Après avoir suivi les cours d’une école de mode à Paris, Thalia Besson se met à courir les castings, refusant d’activer les pistons familiaux. Celle qui parle anglais couramment (elle a vécu à Los Angeles de ses 13 à 18 ans avec son père et sa mère, la productrice Virginie Besson-Silla) décroche un petit rôle dans Dangerous Waters (2023), de John Barr. « Il y avait Ray Liotta, qui est décédé durant le tournage en République dominicaine. Je n’oublierai jamais. » Mais c’est cette année que tout semble s’accélérer pour la comédienne, grâce à son rôle dans la quatrième saison de la série à succès Emily in Paris (actuellement sur Netflix). Elle y interprète Geneviève, la belle-fille de Sylvie Grateau (Philippine Leroy-Beaulieu), tout juste arrivée de New York pour bâtir sa carrière à Paris et qui pourrait bien jouer les trouble-fêtes entre Gabriel (Lucas Bravo) et Emily (Lily Collins). « J’ai passé des essais, filmé les scènes qu’on m’avait demandé de jouer. J’ai été retenue et le courant est passé immédiatement avec Darren Star, le showrunner. » Elle prend beaucoup de plaisir à incarner une ambitieuse pas vraiment gentille qui tente de trouver sa place. « C’est intéressant de jouer une méchante : parce que la psychologie de ce genre de personnages est plus complexe et que c’est amusant d’incarner quelqu’un qui ne vous ressemble pas. »
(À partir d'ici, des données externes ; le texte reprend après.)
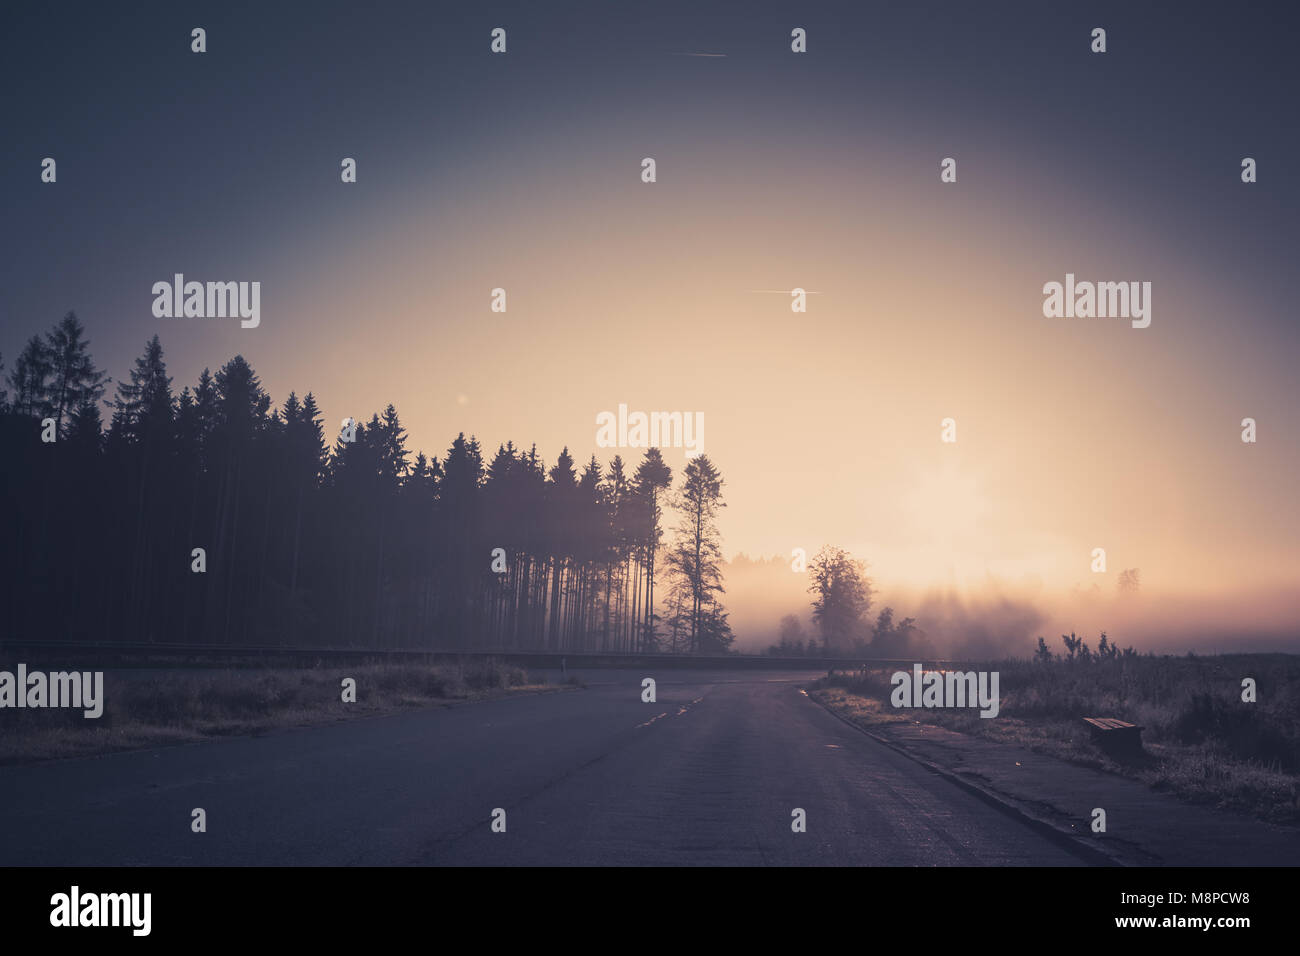 Surreal, romantic sunrise at the misty, foggy countryside. Stock Photo

« C’est intéressant de jouer une méchante ; la psychologie de ce genre de personnages est plus complexe »
Si Thalia Besson n’a pas le droit de nous dire ce qui arrivera à Geneviève dans la saison suivante, elle est actuellement en train de boucler son premier court métrage, Fae. Qu’elle joue et met en scène, et dont elle signe le scénario. « J’écris depuis toujours. Et réaliser permet de gérer mon projet de A à Z. J’ai un besoin fou de créer. » Bon sang ne saurait mentir… Elle travaille aussi sur un projet de série conçue avec son meilleur ami Luke Stanton Eddy (The Alto Knights, June and John). Une comédie se déroulant sur un plateau de tournage où rien ne se passe comme prévu et qu’elle espère vendre à une plateforme. « Je sais de quoi je parle ! J’ai grandi là et c’est l’endroit où je me sens le plus à l’aise au monde. » Elle reconnaît que ses parents ont essayé de la dissuader de se lancer dans un métier qu’ils connaissent trop bien, mais sa passion les a convaincus. « Ils m’ont conseillé de rester fidèle à ce que je suis. » Ce n’est pas tombé dans l’oreille d’un sourd…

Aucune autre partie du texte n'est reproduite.